Ein Vermarktungskonzept braucht es nicht, die Menschen wissen, wo der Rhein und ihr Floss sind. Sie wissen, dass sie nichts zu bezahlen brauchen, auch wenn Edoardo Bennato spielt. Wahrscheinlich ist ihnen auch bewusst, wer das Konzert bezahlt, nämlich die Swisslos-Fonds von Basel-Stadt und Basel-Landschaft und verschiedene Stiftungen und Sponsoren –  zum Beispiel eine Uhrenfirma aus Hölstein, die zwar relativ bescheiden auftritt, aber doch eine unübersehbare Präsenz hat. Am Rheinufer, an einem Ort, wo Werbung ansonsten verboten ist. Es ist also ein klares Image-Sponsoring, welches am schwierigsten via Kickback zu bemessen ist. Und dennoch, oder eben gerade deshalb, funktioniert es beim Floss. Gottseidank, denn neben den Beiträgen der öffentlichen Hand müssen jedes Jahr rund 350'000 Franken an Sponsoring-Geldern akquiriert werden.

Freigut

Abend für Abend ist zudem eine Truppe Matrosen mit Netzen im Einsatz, sie fischen im Publikum nach Geld für ’ne Buddel Rum. Etwas beizutragen, ist zwar freiwillig, aber dennoch wichtig, weil das Floss ja von Menschen gemacht wird und diese Menschen ein Gesicht haben und ein Bedürfnis formulieren. Deshalb geben die Leute gern. Dazu passt wiederum ein Zitat aus der Basler Zeitung, welches aus der Zeit der gerichtlichen Auseinandersetzungen stammt, diesen Aspekt aber besonders schön verdeutlicht: «Bye-Bye Floss! Hach, beinahe Schluss. Noch zwei Konzerte, und schon ist es wieder weg, das Floss.

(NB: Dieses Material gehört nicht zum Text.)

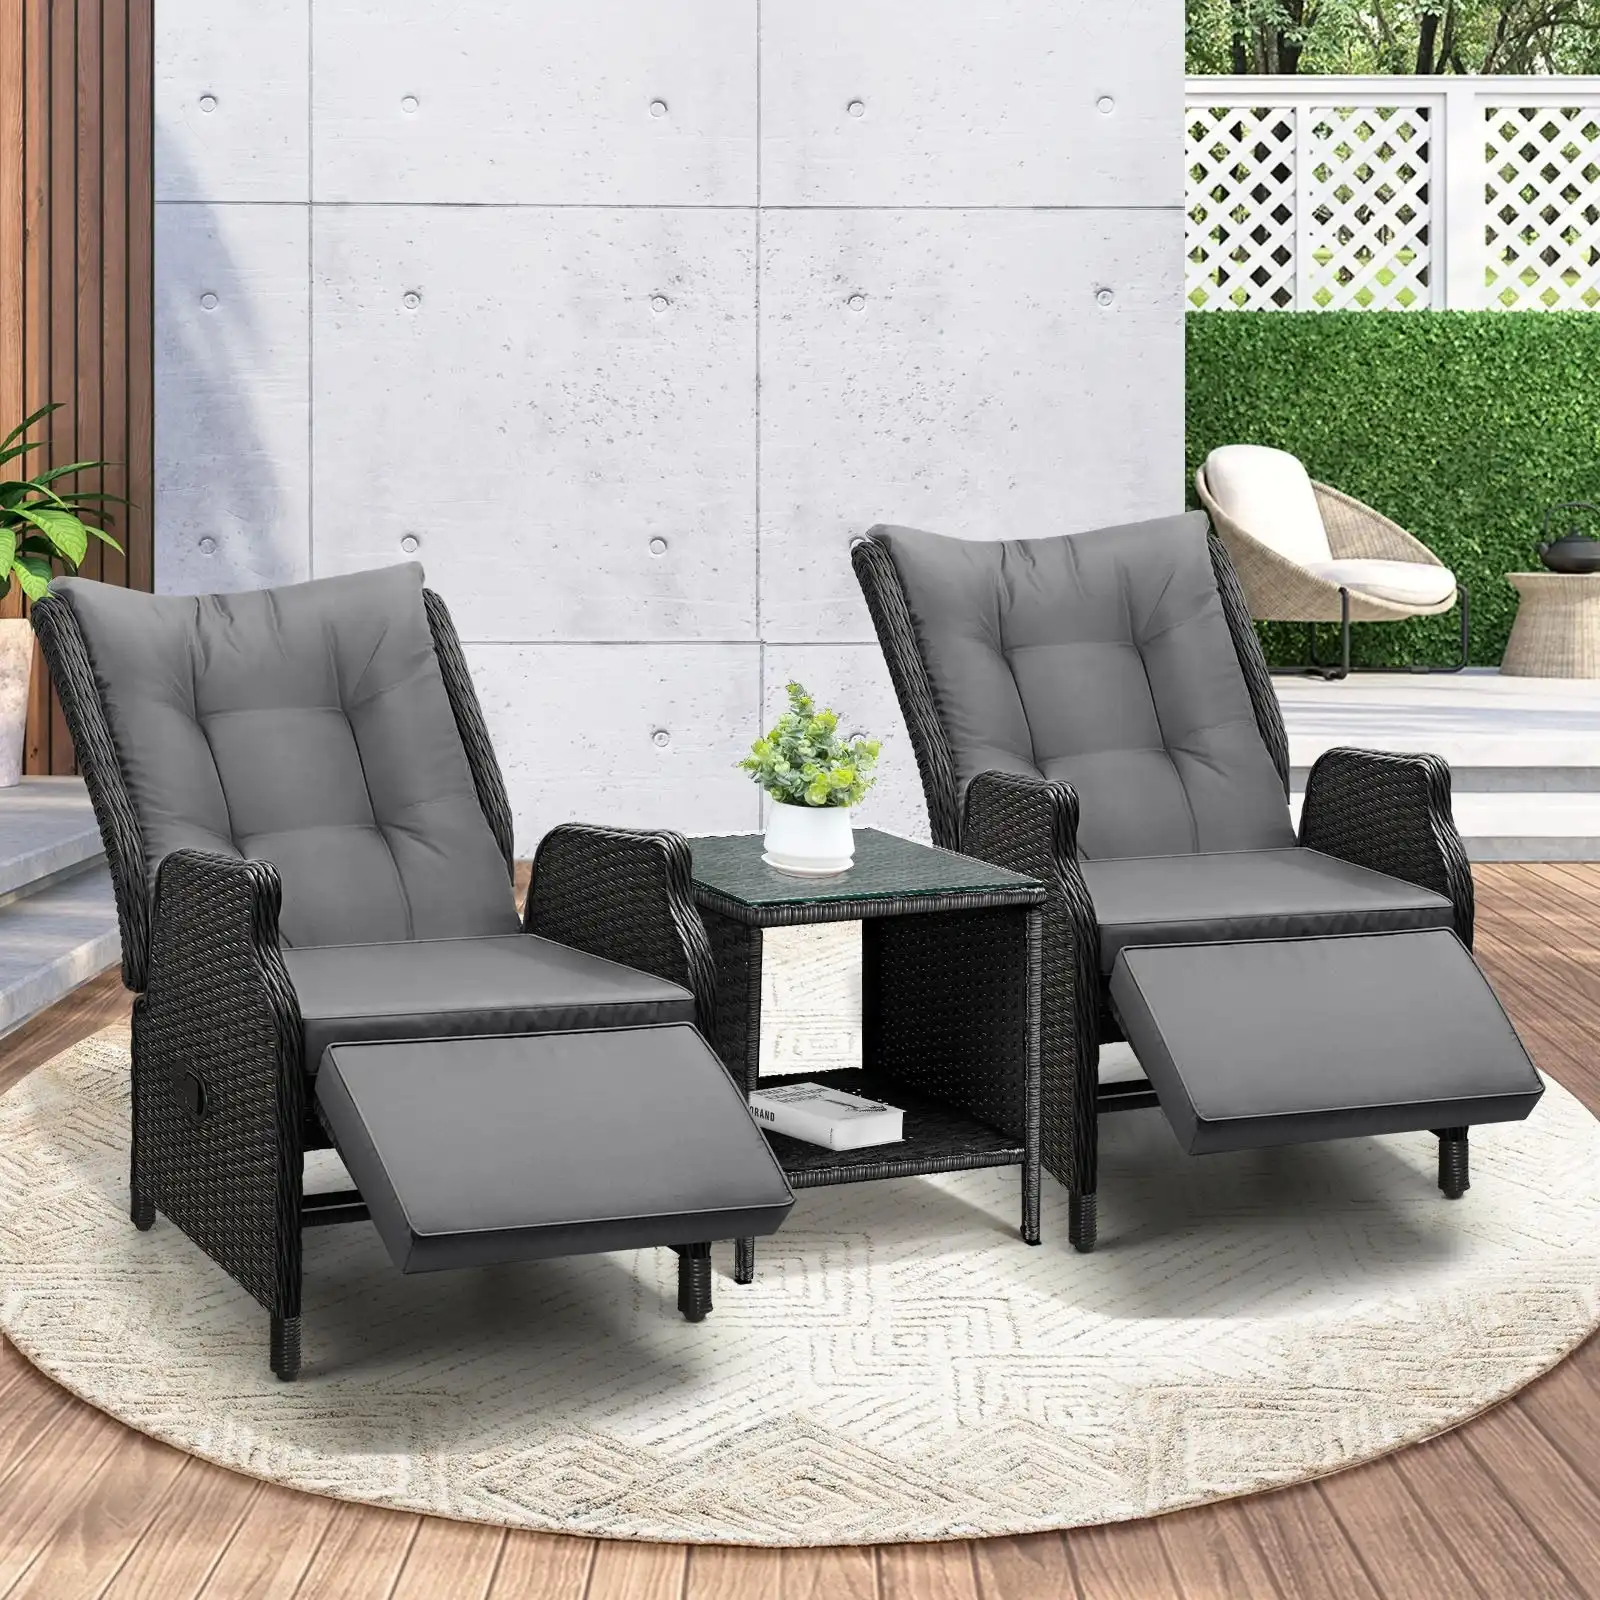 Livsip Sun Lounge Outdoor Recliner Chair &Table Outdoor Furniture Patio Set of 3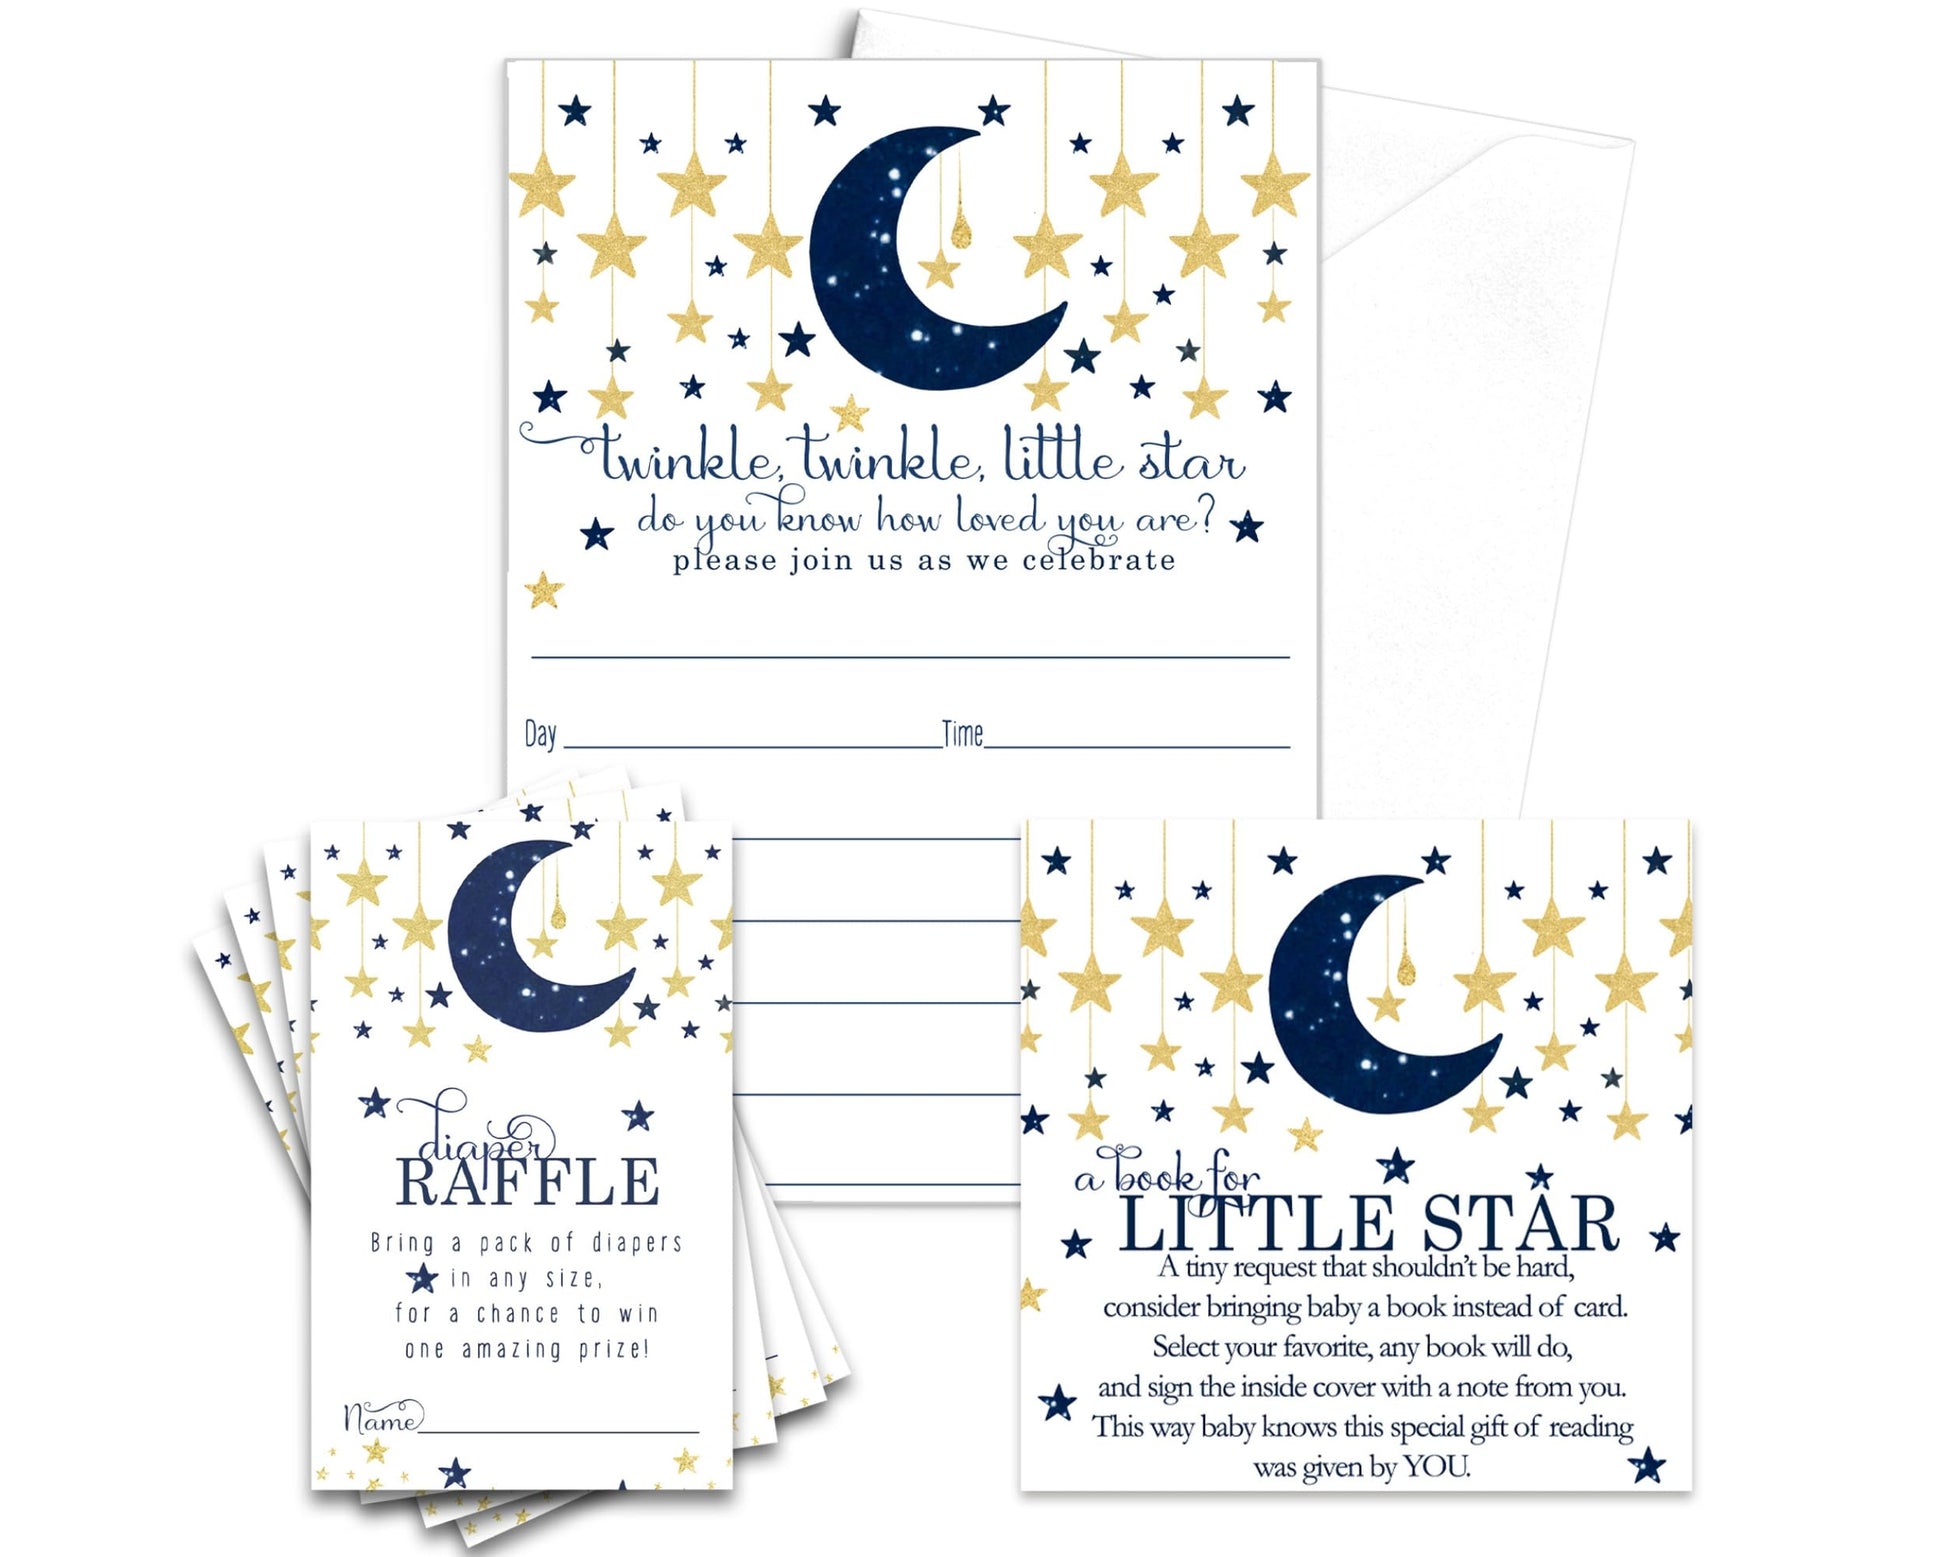 Star Baby Shower Invitation Bundle (25Paper Clever Party

Zur Sicherheit lassen wir ein kleines Stossgebet gen Himmel und Entscheidungsträger fahren: liebes Floss, wir wünschen uns fest, dass du auch im nächsten Sommer an die hiesigen Gestade zurückkehrst. Um uns – wie in den vergangenen Wochen und Jahren – zu entzücken.»

Und das Floss ist zurückgekehrt, immer wieder, bereits über zwei Jahrzehnte lang. Wie viele Liebschaften haben sich an unseren Konzerten angebahnt? Wie viele Kinder sind nach einem Abend am Floss entstanden? Wie viele von ihnen sind nun über 20 Jahre alt und waren schon im Kinderwagen mit dabei? Wie viele von ihnen kommen heute noch, vielleicht mit ihren Eltern zusammen? Nebst dem Rheinwasser war und ist es das Publikum, das dieses Floss trägt, durch seine Präsenz hat es uns immer wieder den notwendigen Wind in die Segel geblasen. Liebe Leute, der Erfolg des Flosses ist Euer Erfolg, deshalb gehört das Floss nicht nur Euch – vielmehr seid Ihr das Floss, dieses Narrenschiff aus Nimmerland.